- [WHAT TO WORK ON]
Skip the pictures. Give all the data again exactly.

- [SUPPLIED DATA]
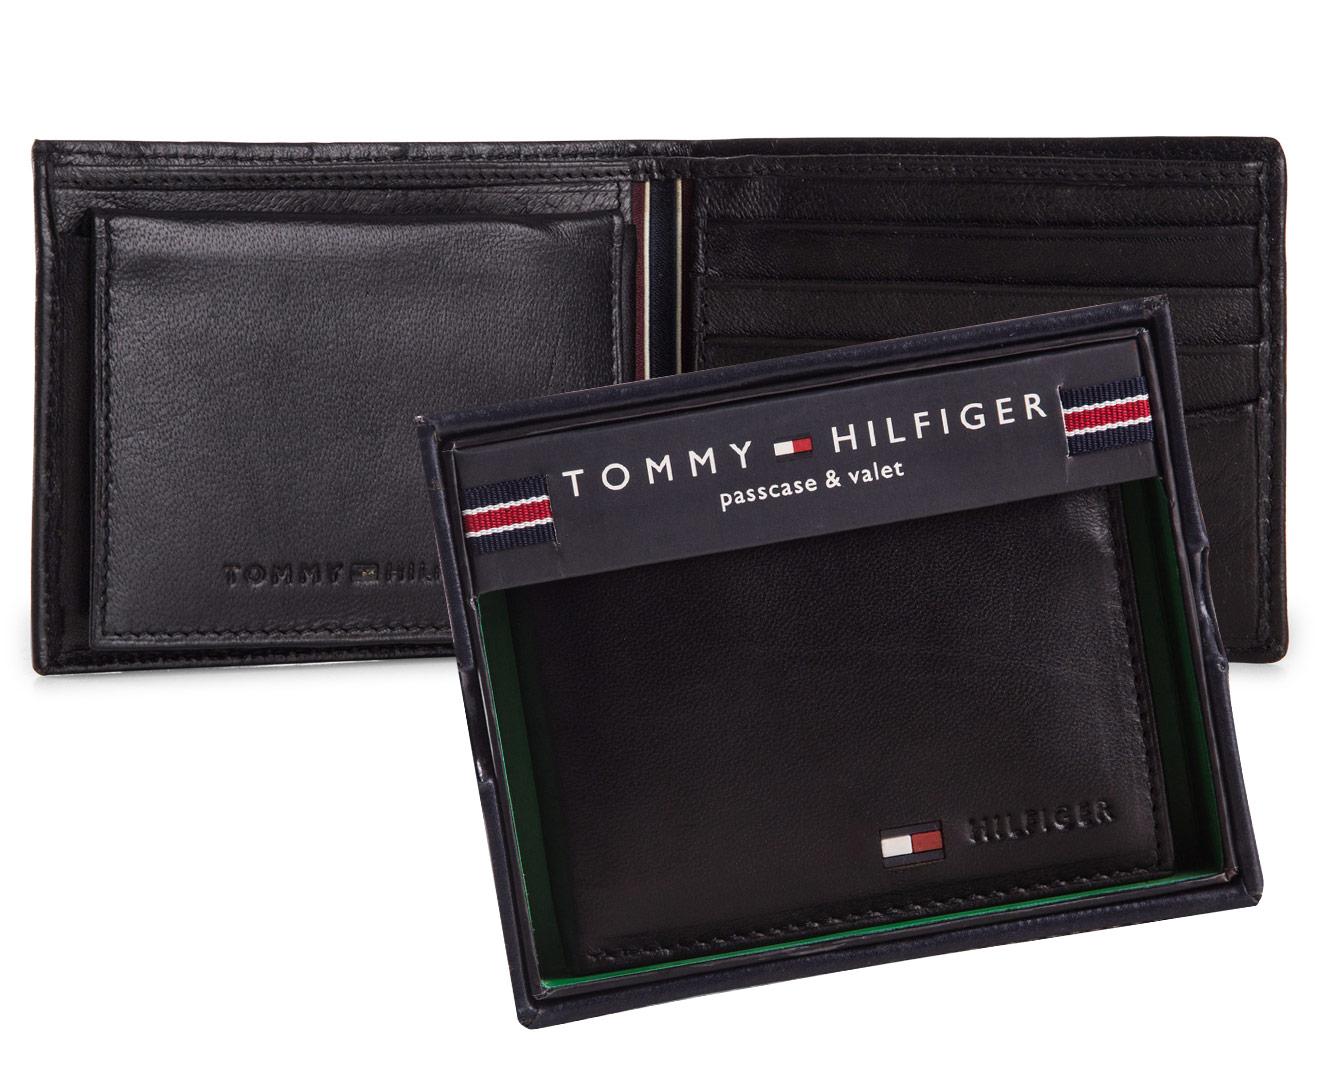 Tommy Hilfiger Men/'s Genuine Leather Bifold Wallet with Valet Case 31TL22X053
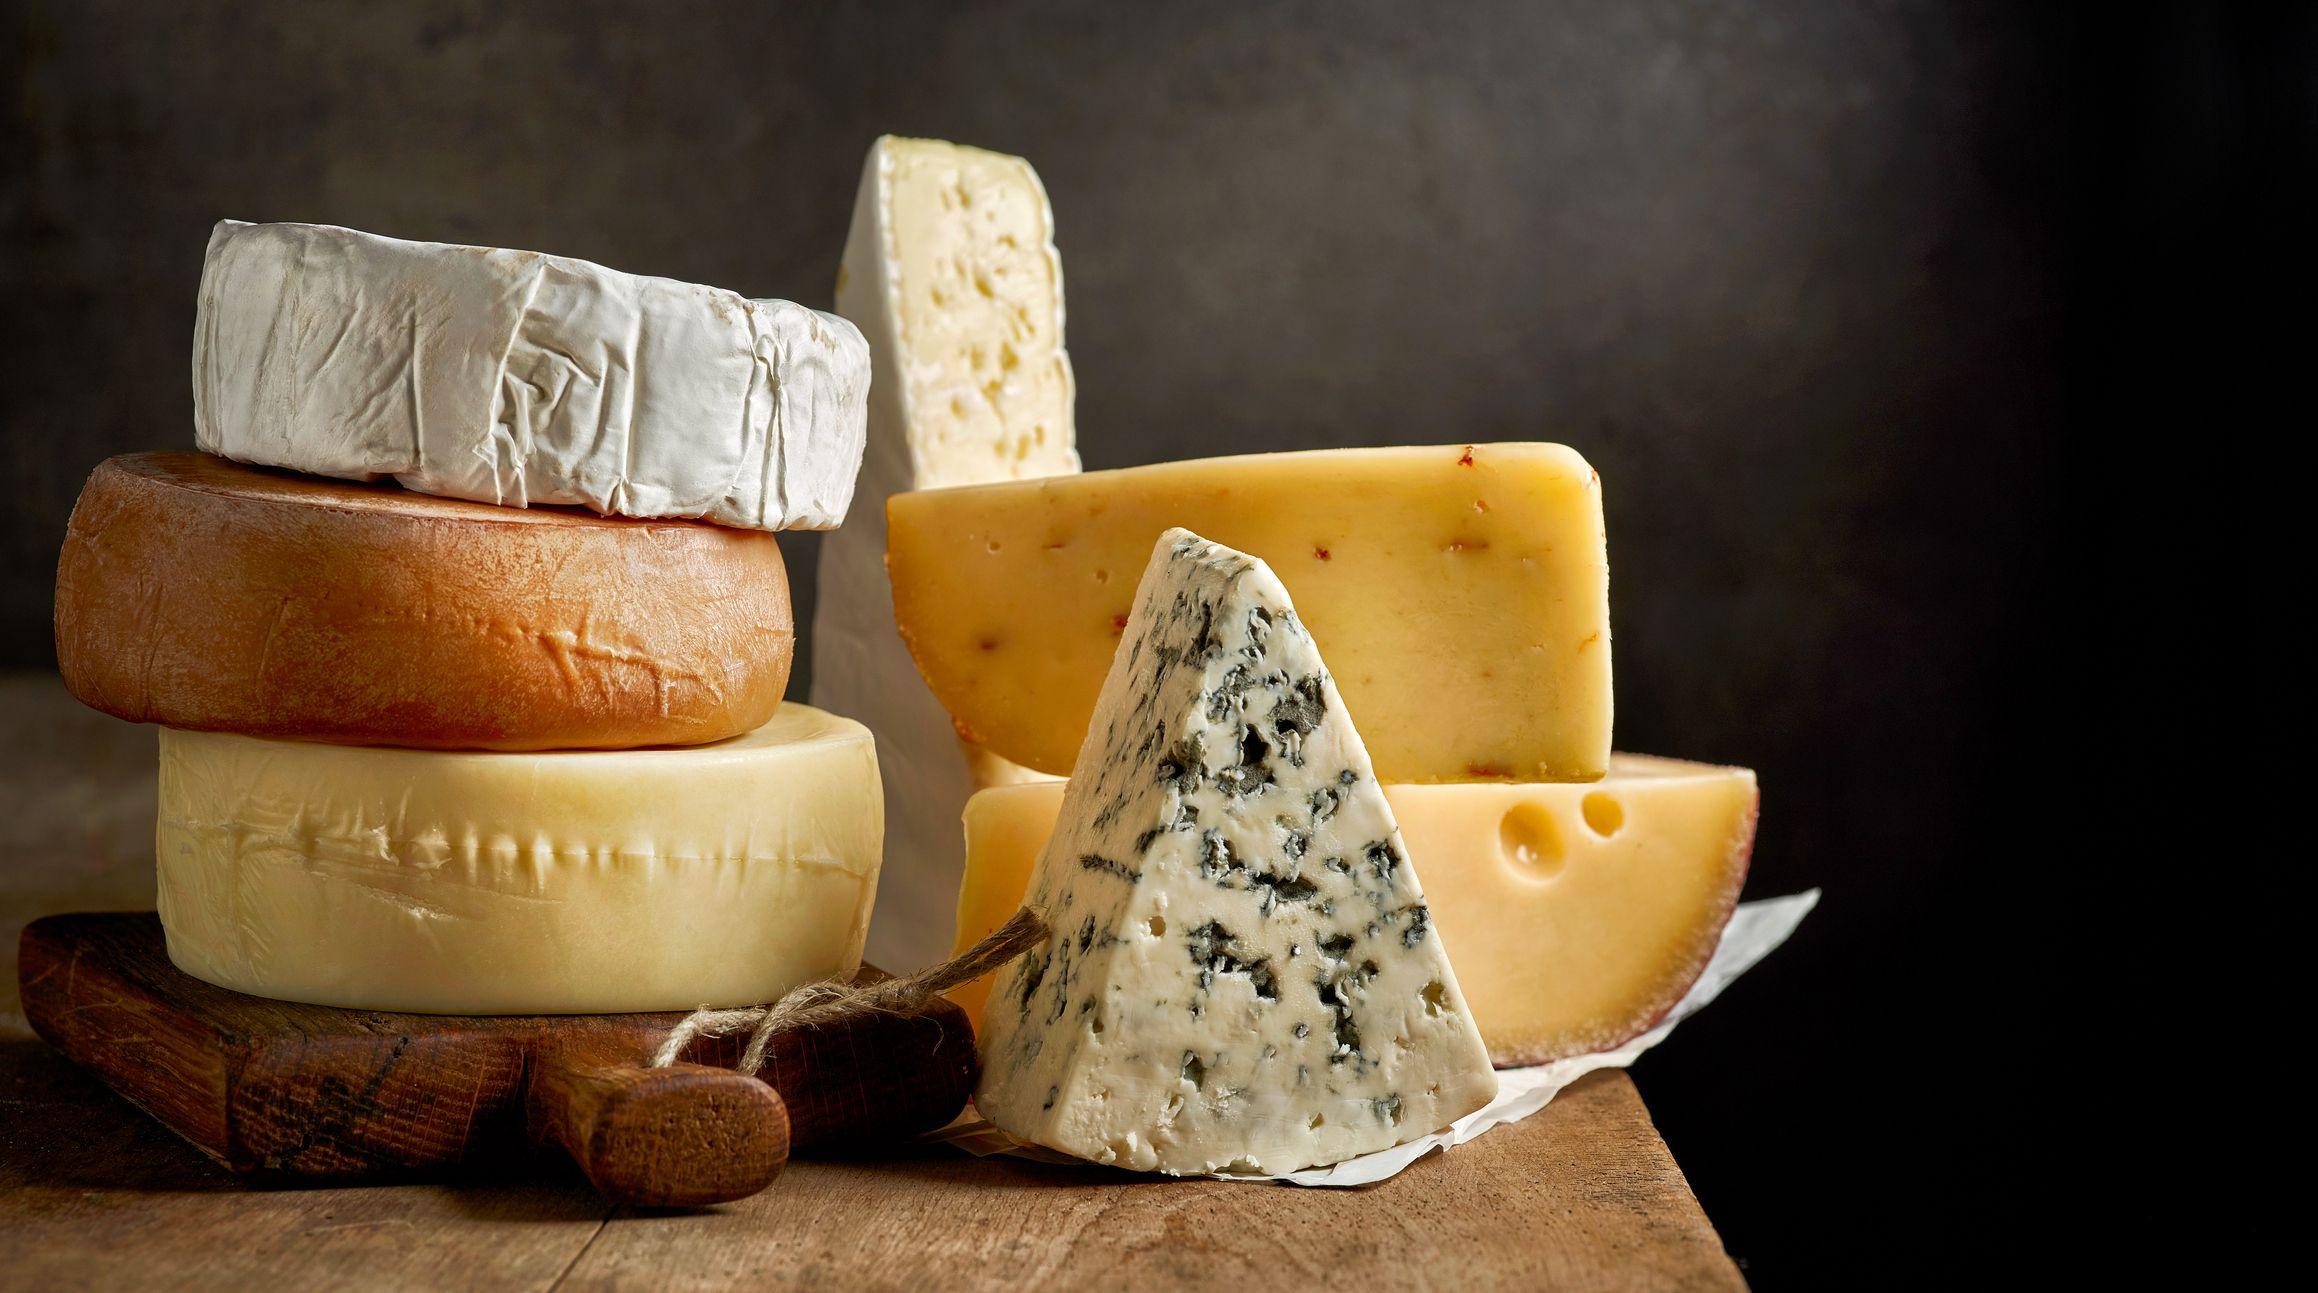 10_17_Cheese
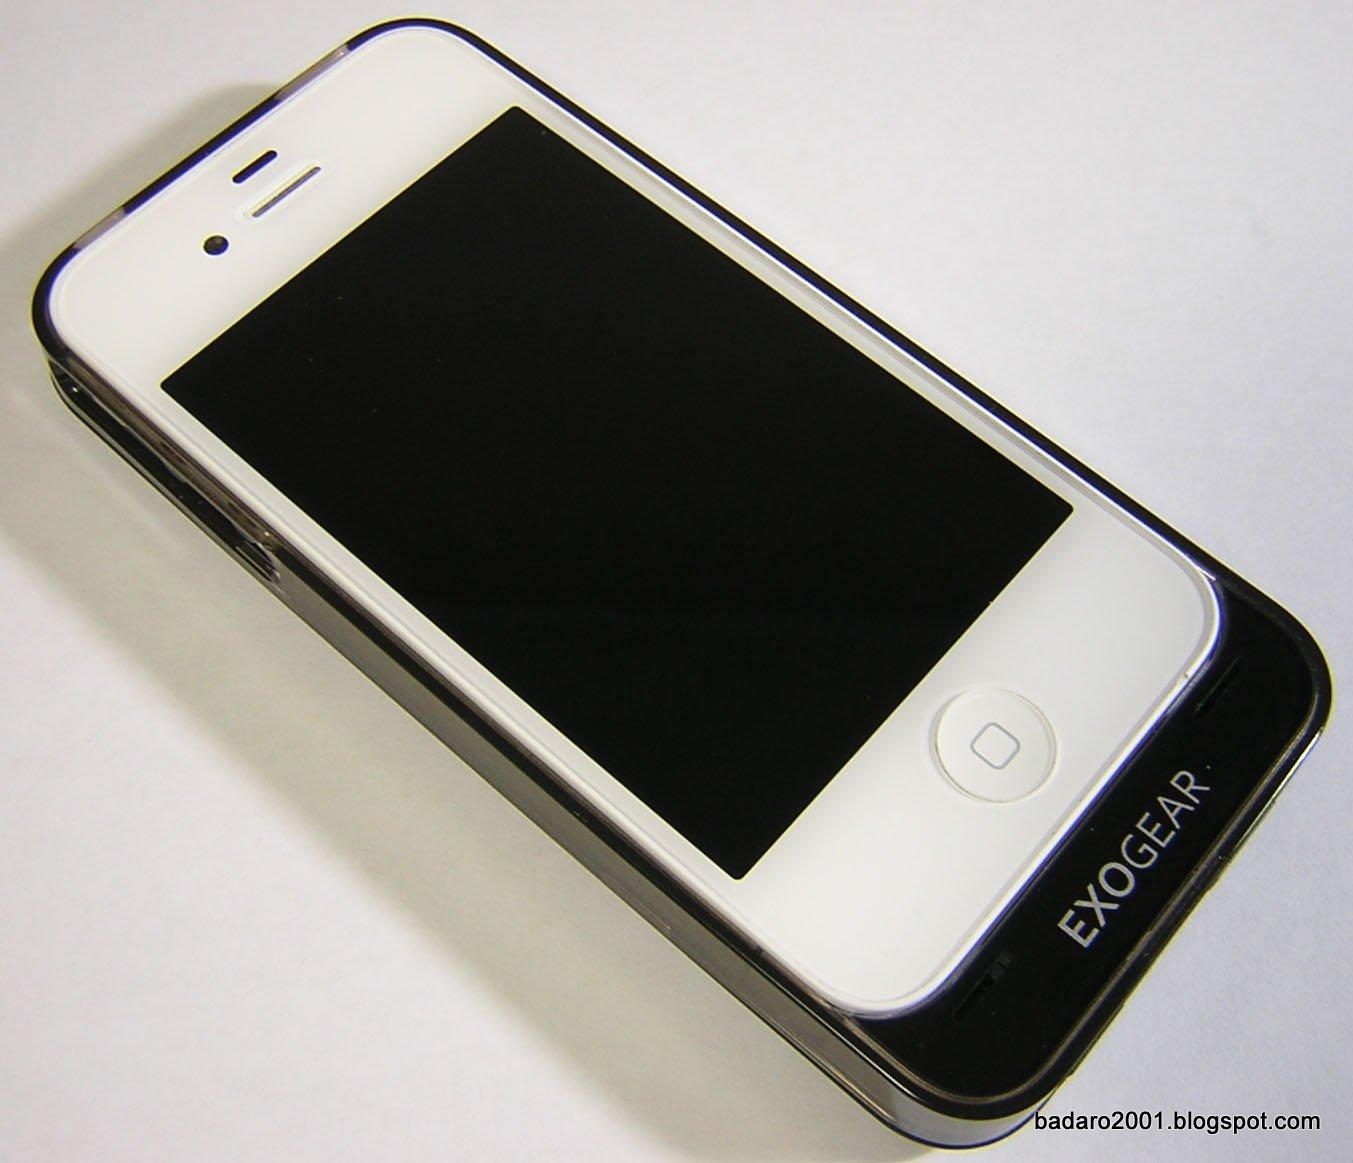 badaro...: 아이폰4 보조배터리 케이스형 1700mAh Exolife4, 묵직한 ...

- [ANSWER SPACE]
 Tommy Hilfiger Men/'s Genuine Leather Bifold Wallet with Valet Case 31TL22X053
 10_17_Cheese
 badaro...: 아이폰4 보조배터리 케이스형 1700mAh Exolife4, 묵직한 ...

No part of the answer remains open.